I find Katherine Paterson’s argument interesting and brilliantly put together. Fiction, most definitely, is not defined as true. It is, really, the opposite as she states in her essay. Katherine tells us that fiction is Truth’s “older sister.” To further that point, fiction should go along with truth.
In her book, Bridge to Terabithia, she does an excellent job of bringing the two together. The children, and the story, are very real even though Leslie and Jess take adventures to another, make-believe world every day. Everything Jess feels, thinks, and the way he is treated are real life circumstances, are true. Terabithia is a realm that the children pulled from their imaginations, that couldn’t become real, and is, therefore, fiction. Going back to the Bible, the story came first, as Katherine puts it, and it helped mold the truth. I think back to when I know the Bible didn’t have verses and it was just a long story that people read, but in the story was the Truth.

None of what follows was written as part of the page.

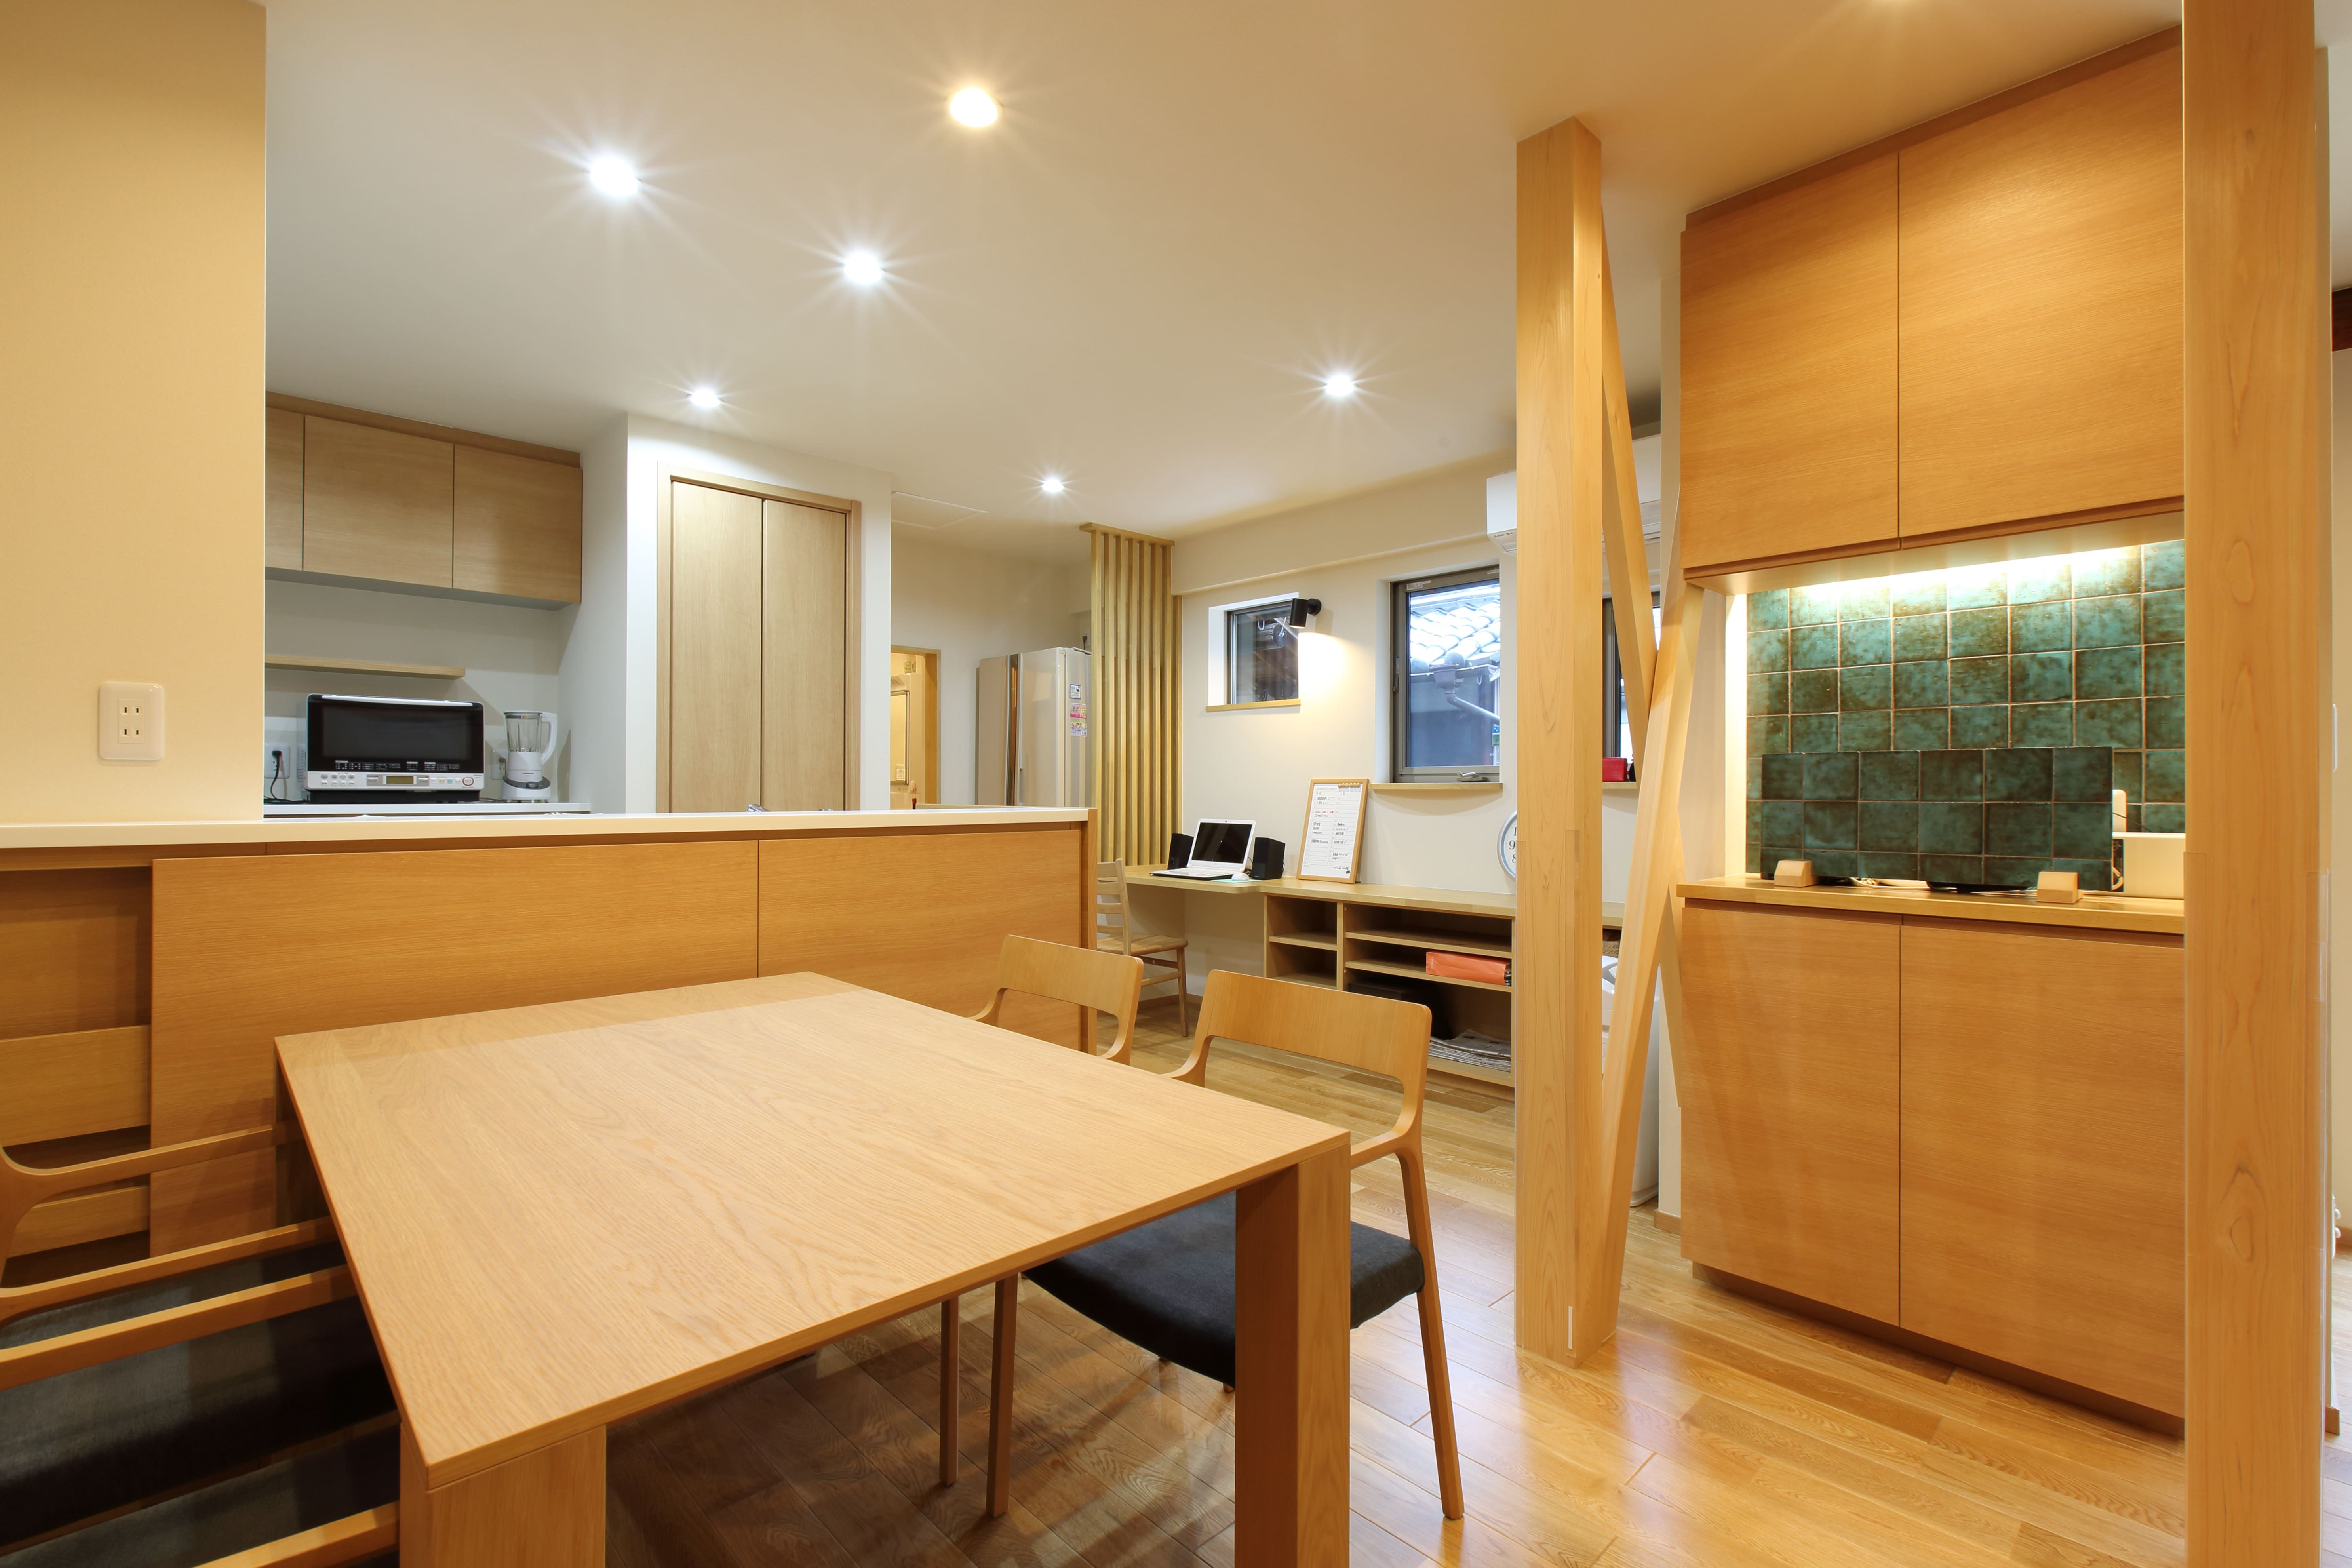 キッチン事例:以前和室だった部分の柱は新しく取り替え、筋かいを加えて室内のアクセントに。(将来の夫婦二人の生活を見据えて、1階部分だけで暮らせる住まいにリフォーム。)

The fact that her novels are real and fiction and she does a great job blending them together makes her novels good reads. Nevertheless, other books that are wholly fiction would not be considered any less than Katherine’s books because they do not blend real with fiction. Pure fiction allows us to read into a human being even though they are not real people. Although, an author can make up a character and have the character think and act like him, still, the characters are imaginary. Imaginary characters, however, are sometimes more real to us than actual, real people.
Katherine puts it nicely when talking about a fictional character named Natasha; “She is more real to us than the people we live with every day because we have been allowed to eavesdrop on her soul.” This being true, pure fiction can be a good read, too. C.S. Lewis’s The Chronicles of Narnia is often analyzed as a different perspective of the Bible. Some view his work as a distortion of the Bible, but we know that the idea of Narnia formed when Lewis conjured up a centaur with an umbrella in his hand.

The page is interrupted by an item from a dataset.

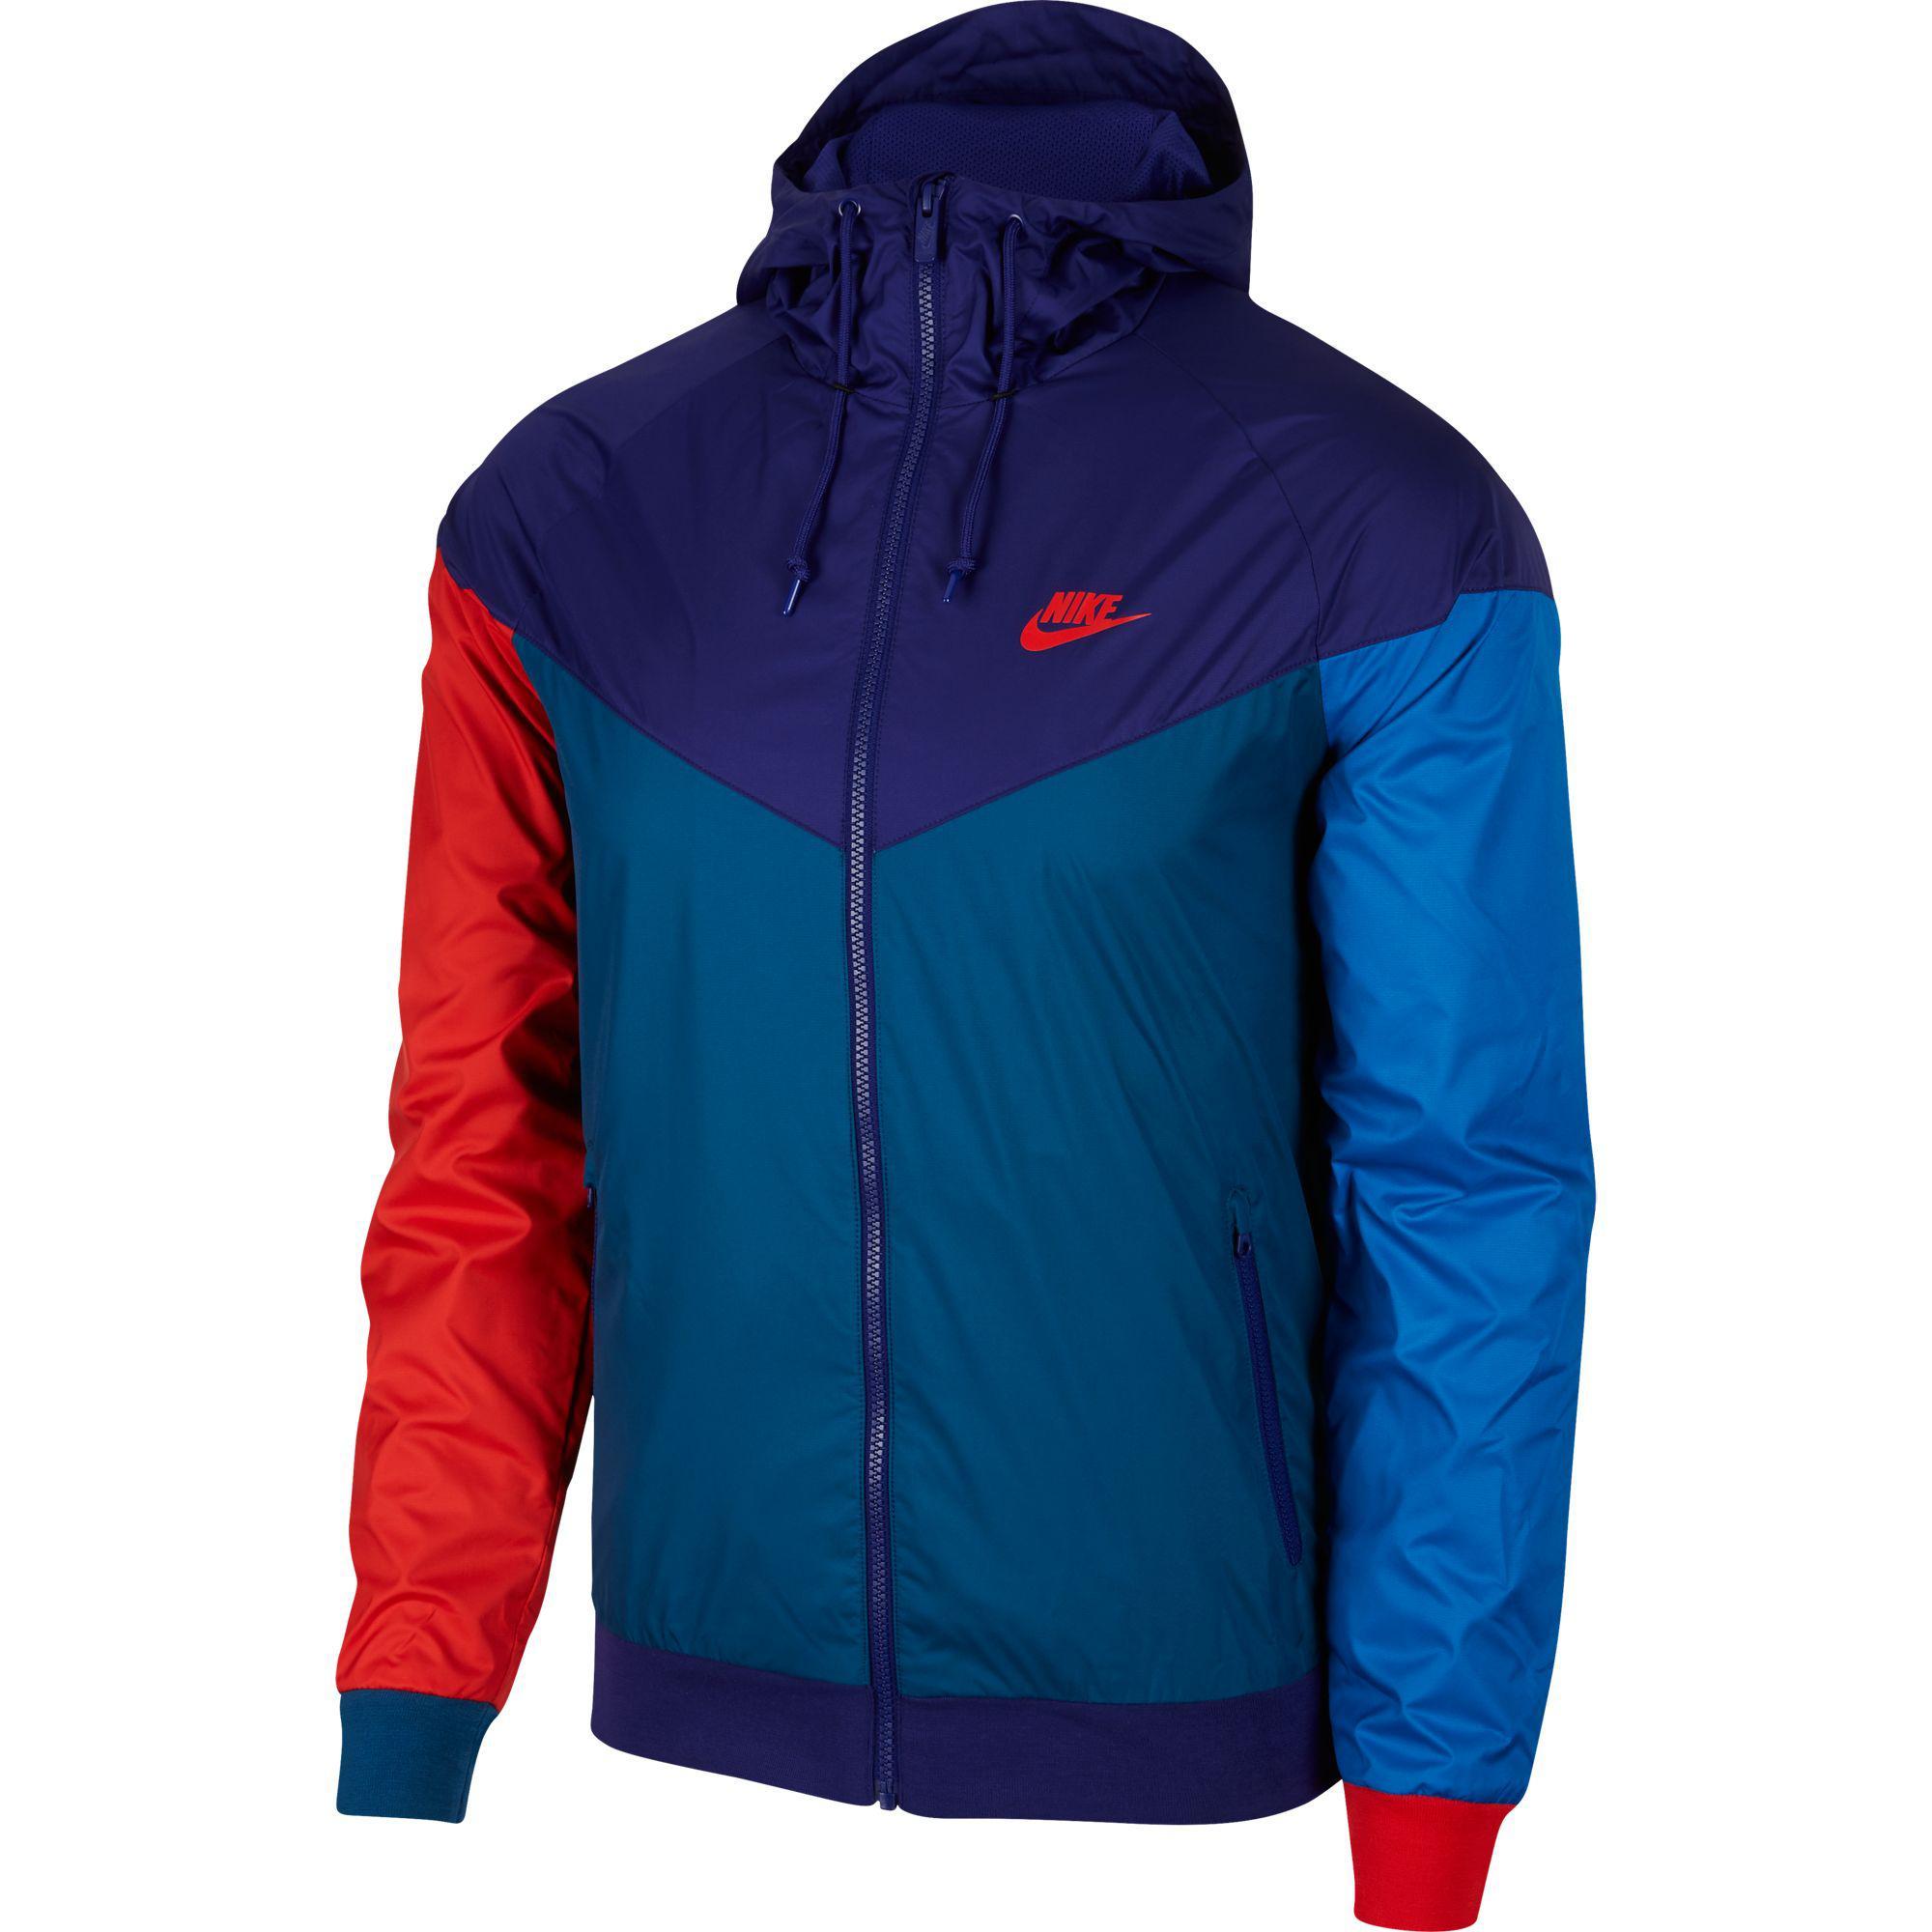 dbb7ea9c01 Nike - Multicolor Windrunner Full Zip Jacket for Men - Lyst

I don’t believe C.S. Lewis’s goal in writing those books was to paint a different picture of the Bible. When an author writes a story, naturally their morals and who they are comes out in the story they are writing. C.S.
Lewis isn’t wrong, he is a Christian who was passionate for the Lord and it is evident in his writing. In response to Katherine Paterson’s Bridge to Terabithia, I think I would strongly disagree with someone who forbade their child to read this book simply because of the realness of it. Death is real, children should know that—do know that, but at a certain level of maturity I would discuss it with my child and their thoughts on the book, having read it myself. Children know death, but the only part that would be difficult for them to understand, for instance, would be Jess’s emotions after Leslie’s death. “Why did Jess throw the paint set Leslie got him for Christmas in the creek?” my child might ask. “Well, because Jess was grieving because he loved Leslie so much and it was easier for him to be angry than sad.” I would reply back.